Friday, June 12, 2009

Tickets selling at rapid pace
Calgary Herald Fri Jun 12 2009 Byline: Tamara Gignac

Canada's biggest football event is months away, but organizers say tickets to the 2009 Grey Cup are disappearing fast.
Eighty-five per cent of the 45,700 seats up for grabs are already gone, with fans shelling out anywhere from$195 to$370 to take in the Canadian Football League championship game at McMahon Stadium in November.
Stampeders season-ticket holders paid a reduced price and got first crack at 30,000 of the playoff tickets before they went on sale to the general public May 30.
Game officials credit the devotion of Calgary fans for the brisk ticket sales, noting many people in the city are eager to see the Stampeders win back-to-back Grey Cups, this time on their own turf.
"This is a football town. People who live here love the game and the success of the Stamps helps, no question about it," said Grey Cup Festival president Greg Albrecht.
"There's a lot of excitement around the game and anticipation of what the season is going to look like."
Football fan Peter Dunderdale can hardly wait for this year's Grey Cup.
The 56-year-old businessman travels from his home in Victoria every other year to take in the game with far-flung friends from high school.
It's a testosterone-fuelled reunion he relishes -- and Dunderdale is prepared to fork out $2,000 for four "relatively decent" seats, ideally 50 rows up with a good view of the field.
"I know I can have bronze tickets, but I'm hoping for something a little better," said Dunderdale, who is looking for interested sellers through an online classified ad.
He isn't fazed by the cost. "Are the ticket prices lofty?
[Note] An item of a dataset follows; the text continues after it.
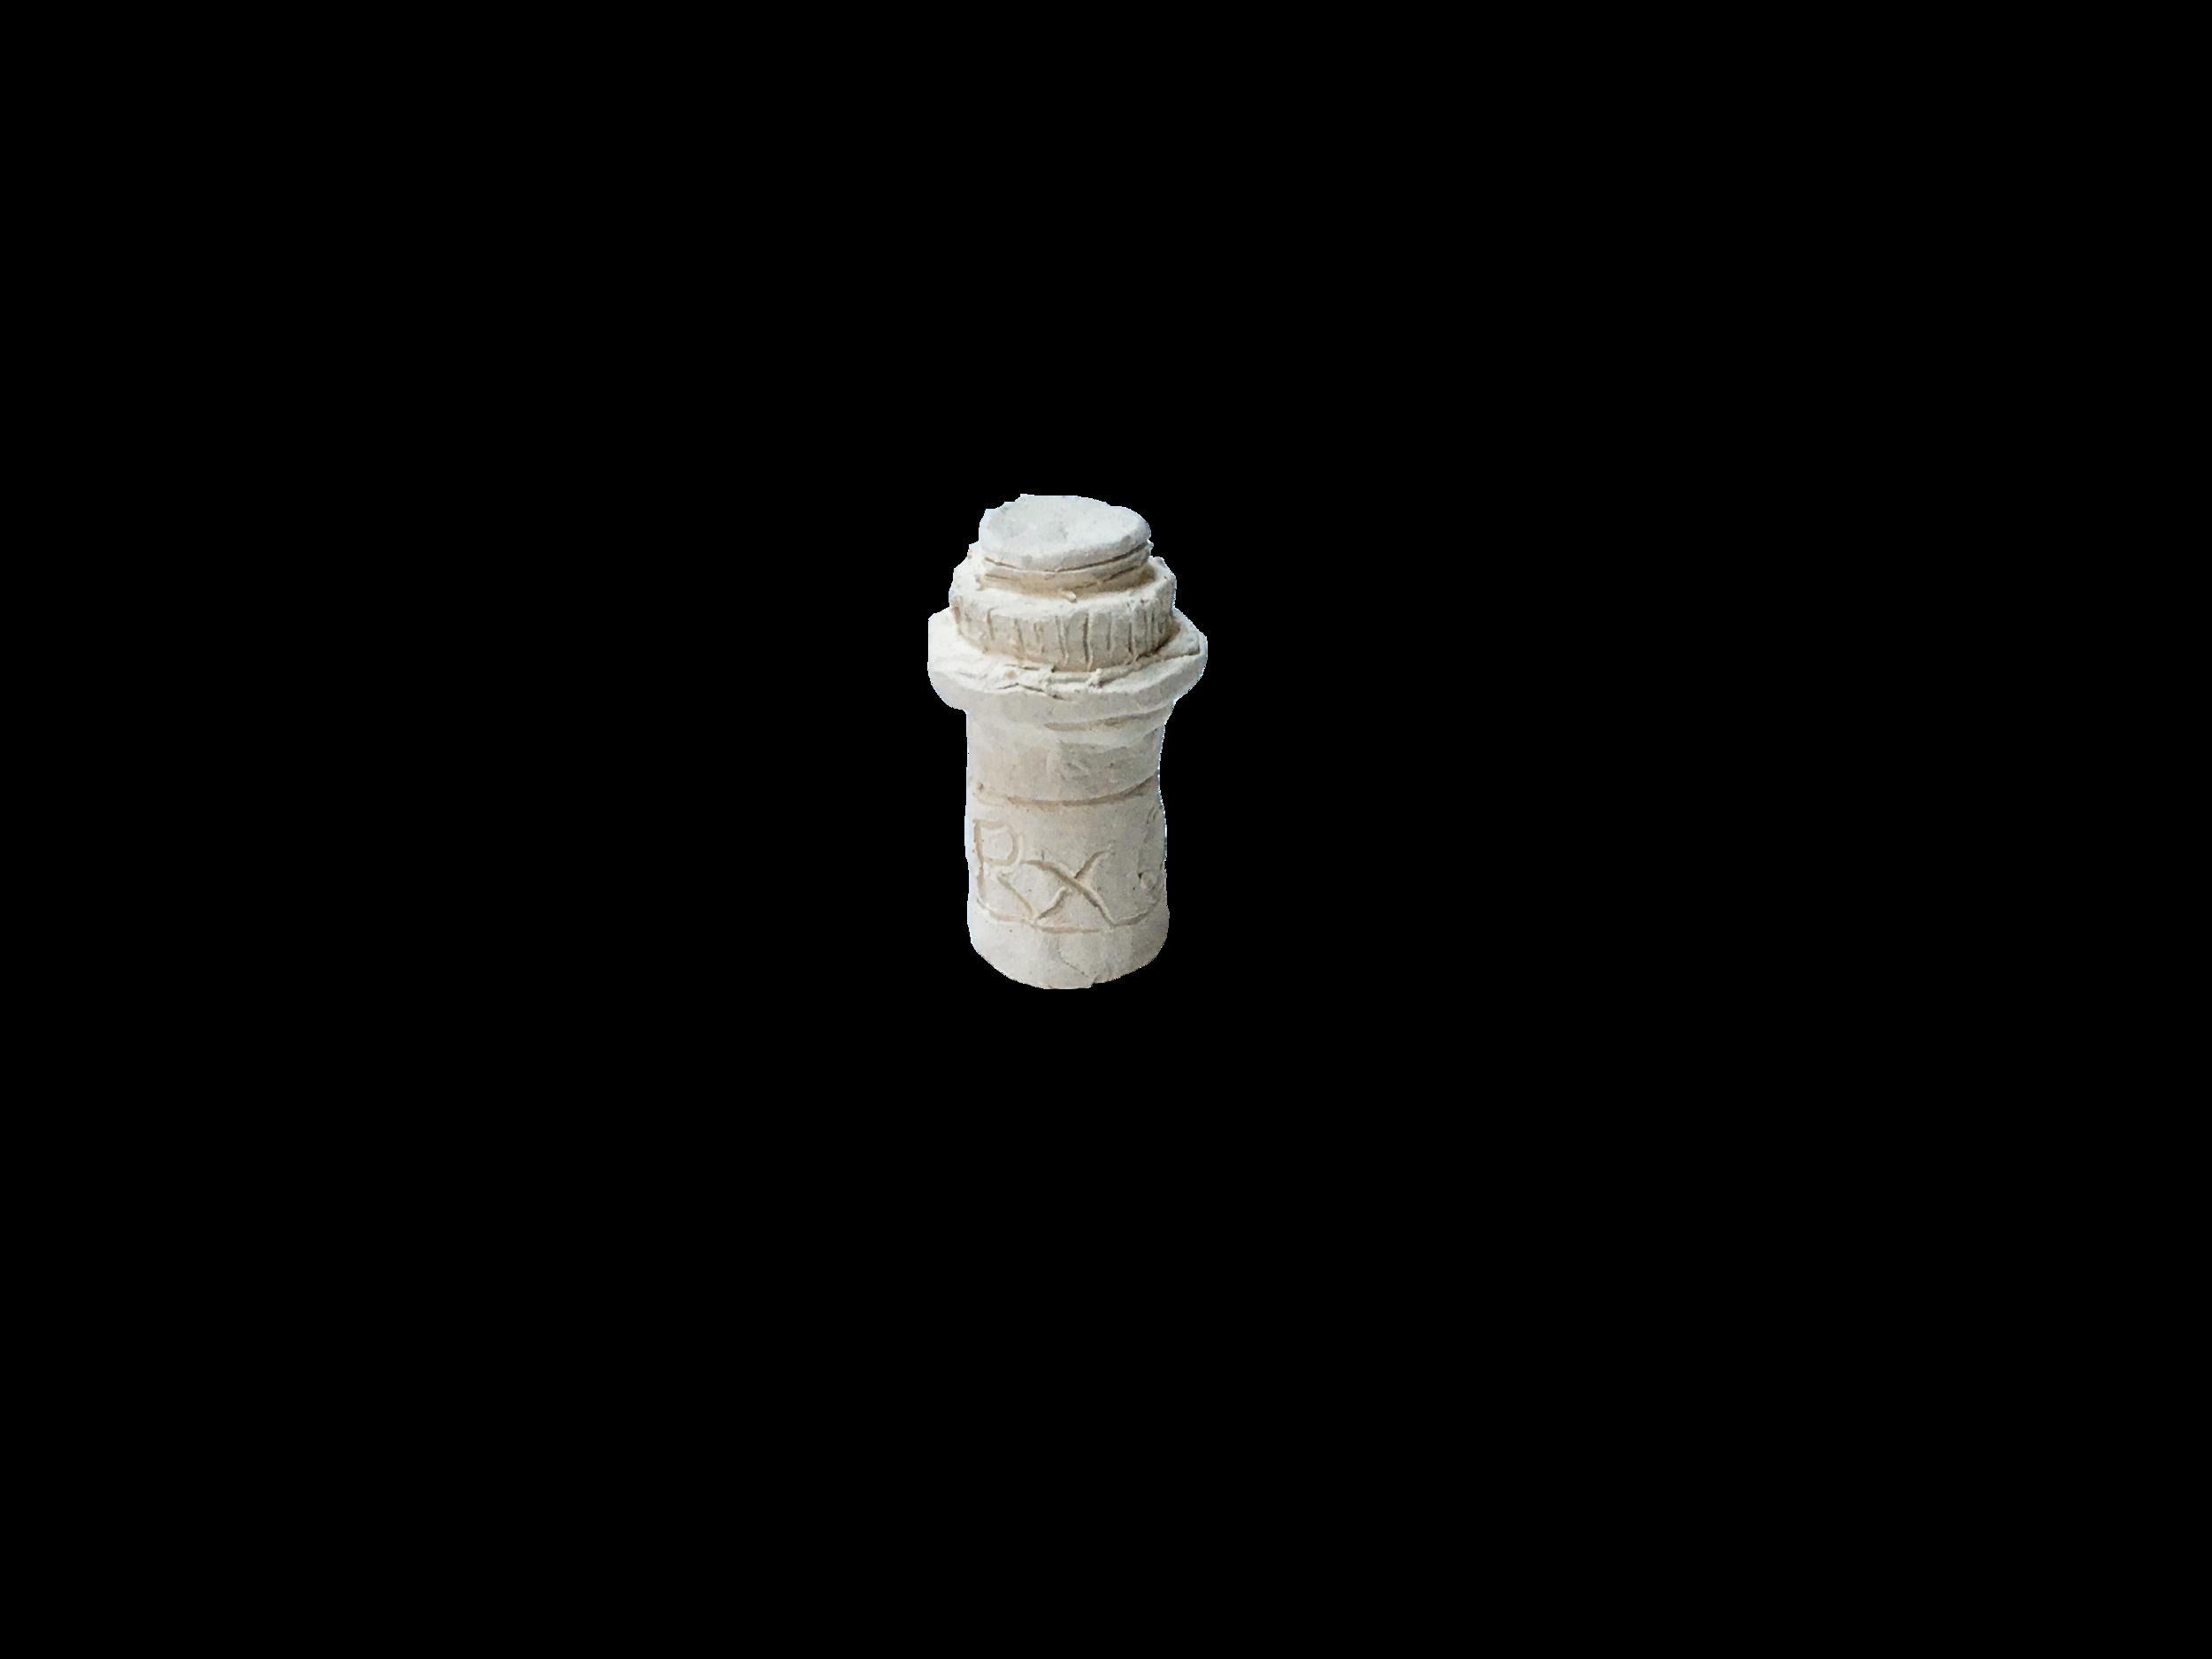 pill bottle_Forward Union_12_2_17.png

They are, but the Grey Cup is one of those destination holidays that you allocate a certain amount of funds for. You know it's not going to be an inexpensive weekend," he said.
Tickets to the Nov. 29 contest are pricer than last year, in part because of increased demand, organizers say. Mc-Mahon Stadium has fewer seats than football venues in cities like Montreal and Vancouver, making the 2009 Grey Cup ducats harder to snag and consequently more valuable. An additional 10,000 temporary seats will be added to the stadium to reach the 45,000-seat total.
South of the border, a slumping economy has forced some American sports clubs to pare down prices to attract tightfisted fans. Earlier this year, the NFL slashed the cost of some Super Bowl seats for the first time--in some cases by as much as $300 apiece.
But if Canadian football fans are keeping a closer eye on their discretionary spending, the new-found frugality doesn't seem to apply to the Grey Cup, said Albrecht.
He isn't surprised, noting the annual November event is a national tradition that, if not entirely immune to the economic downturn, can hold its own among diehard fans who love a good party.
"We haven't seen a lot of resistance on the ticket pricing or the uptake," said Albrecht. "It's Canada's game --many people see it as an institution."
Thousands of tickets to the game--many of them in the end zone -- are still up for grabs at ticketmaster.caor Cup organizers believe the event will be completely sold out before the summer is through, a feat that would be a first for the league. "We want to break the record well in advance of the semifinals and make an announcement in advance of Labour Day," said Albrecht.
Grey Cup games typically attract about 25,000 people from outside the host city, and not just to the actual game itself.
Devoted fans are expected to travel from all parts of Canada to take part in four days of festivities in Calgary that will include a parade, outdoor parties, a gala concert and a hockey game between CFL and NHL alumni.